Y es que llega un día en el que descubres que la calidad es la base de todo para una vida plena y feliz. Desde el desayuno que te preparas por la mañana al despertar hasta las relaciones sentimentales más intimas que acostumbras a mantener.
Una nueva perspectiva que tiene mucho o todo que ver con la madurez personal que alcanzas con el paso de los años. Una madurez que te proporciona con cierto haló, los verdaderos secretos de la vida. Pequeños hallazgos que hacen que con cada nuevo grado de madurez, disfrutes de las mismas cosas de siempre de una forma totalmente diferente.
Porque los años te enseñan algo muy importante: Que la juventud se caracteriza por lo inmediato y a pesar de ser ansiada una vez perdida tiene grandes defectos que no eres capaz de ver hasta que alcanzas la madurez. El mayor de ellos la propia inexperiencia, que consigue que tus decisiones sean equivocadas y erróneas porque valoras más la inmediatez, lo superfluo y la cantidad que la calidad.

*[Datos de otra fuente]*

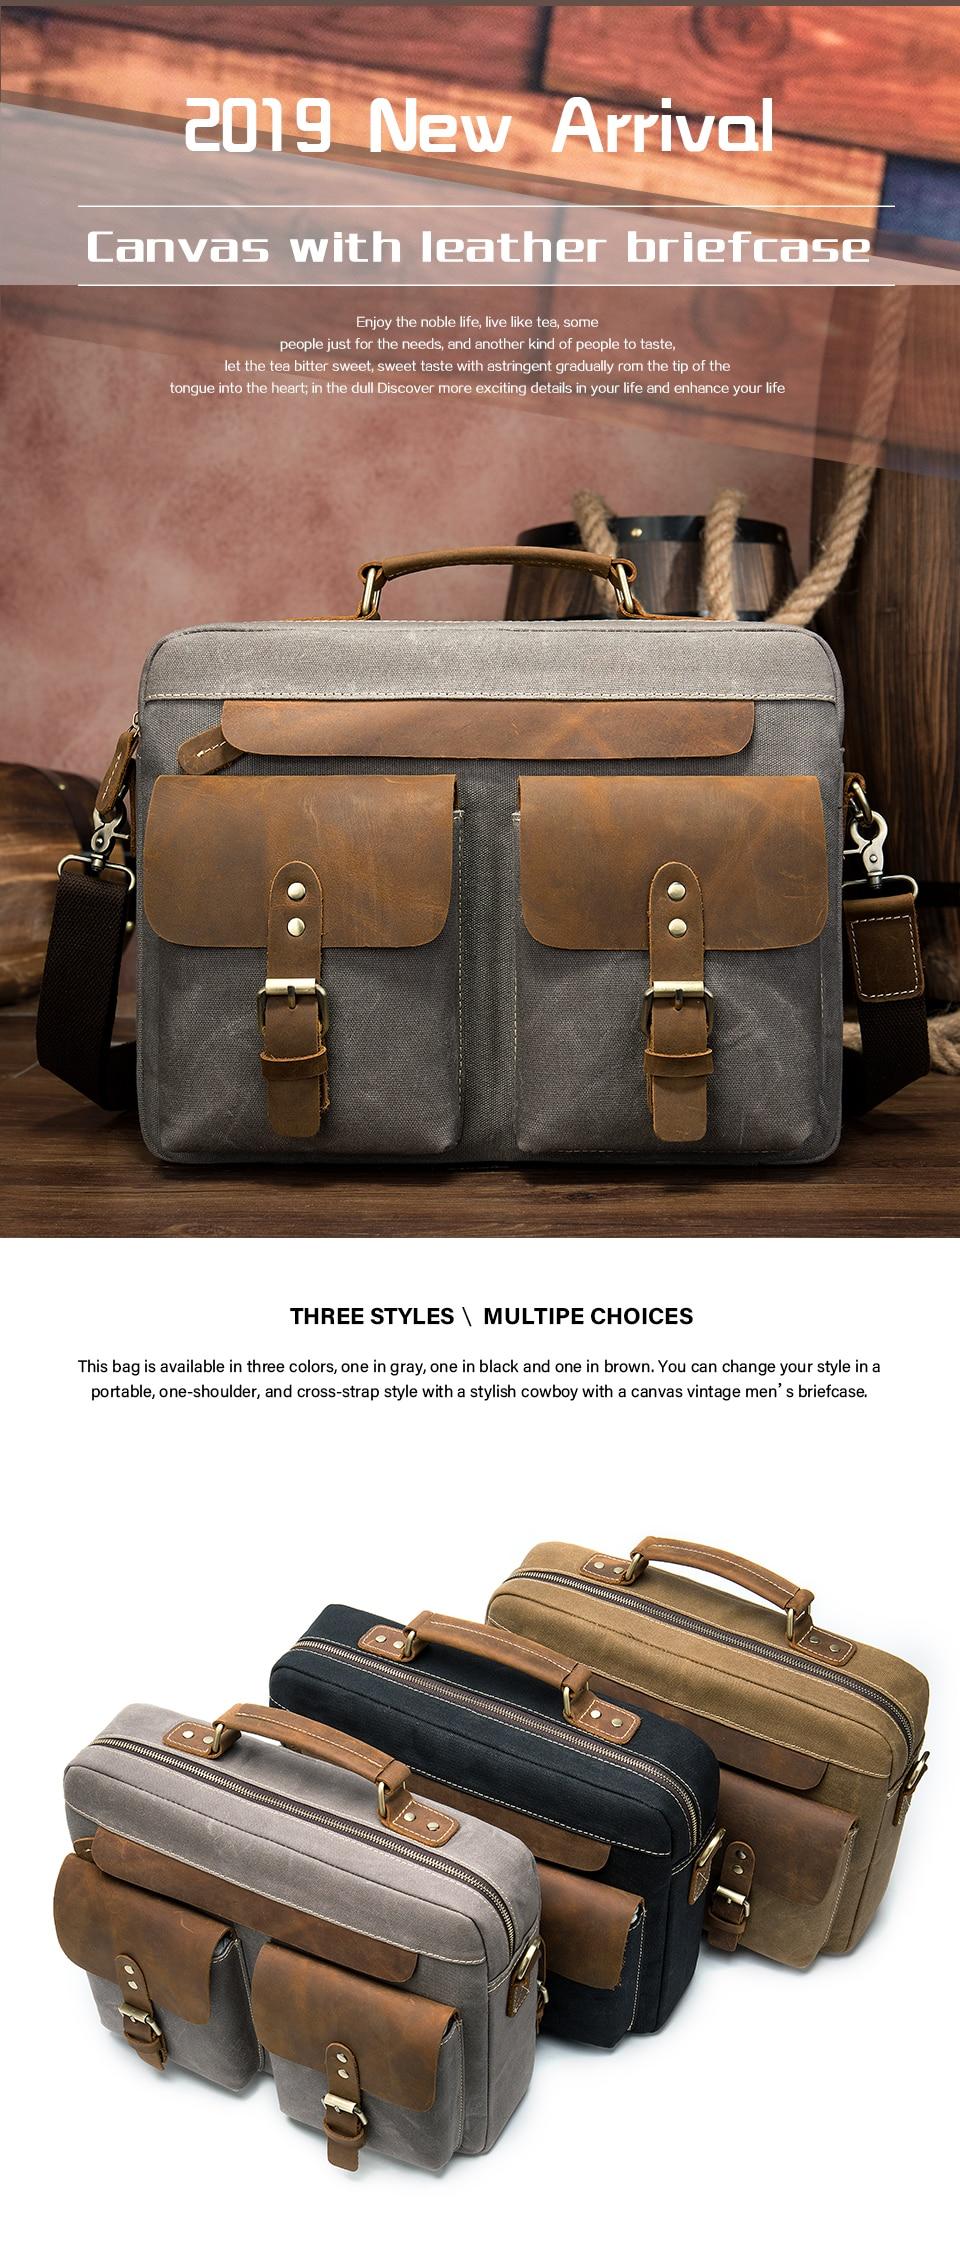 Hc72b52ea2dcd40ae880bdeb9d639ad60e WESTAL Men Briefcases Men's Bag Genuine Leather Business Office Bags for Men Laptop Bag Leather Briefcases Male Lawyer Bags

Y es que la madurez temida desacertadamente, tiene una gran virtud. La madurez es experiencia y la experiencia te recuerda que lo complejo no tiene cabida en la vida si no tiene como recompensa la excelencia. La madurez te otorga la sabiduría necesaria y suficiente para que tus decisiones sean mucho más acertadas de lo que eran hasta el momento.
La madurez y la experiencia que ello implica te enseña que la vida no se trata de llenar vacíos, sino de completar espacios que ya se encontraban decorados de por si.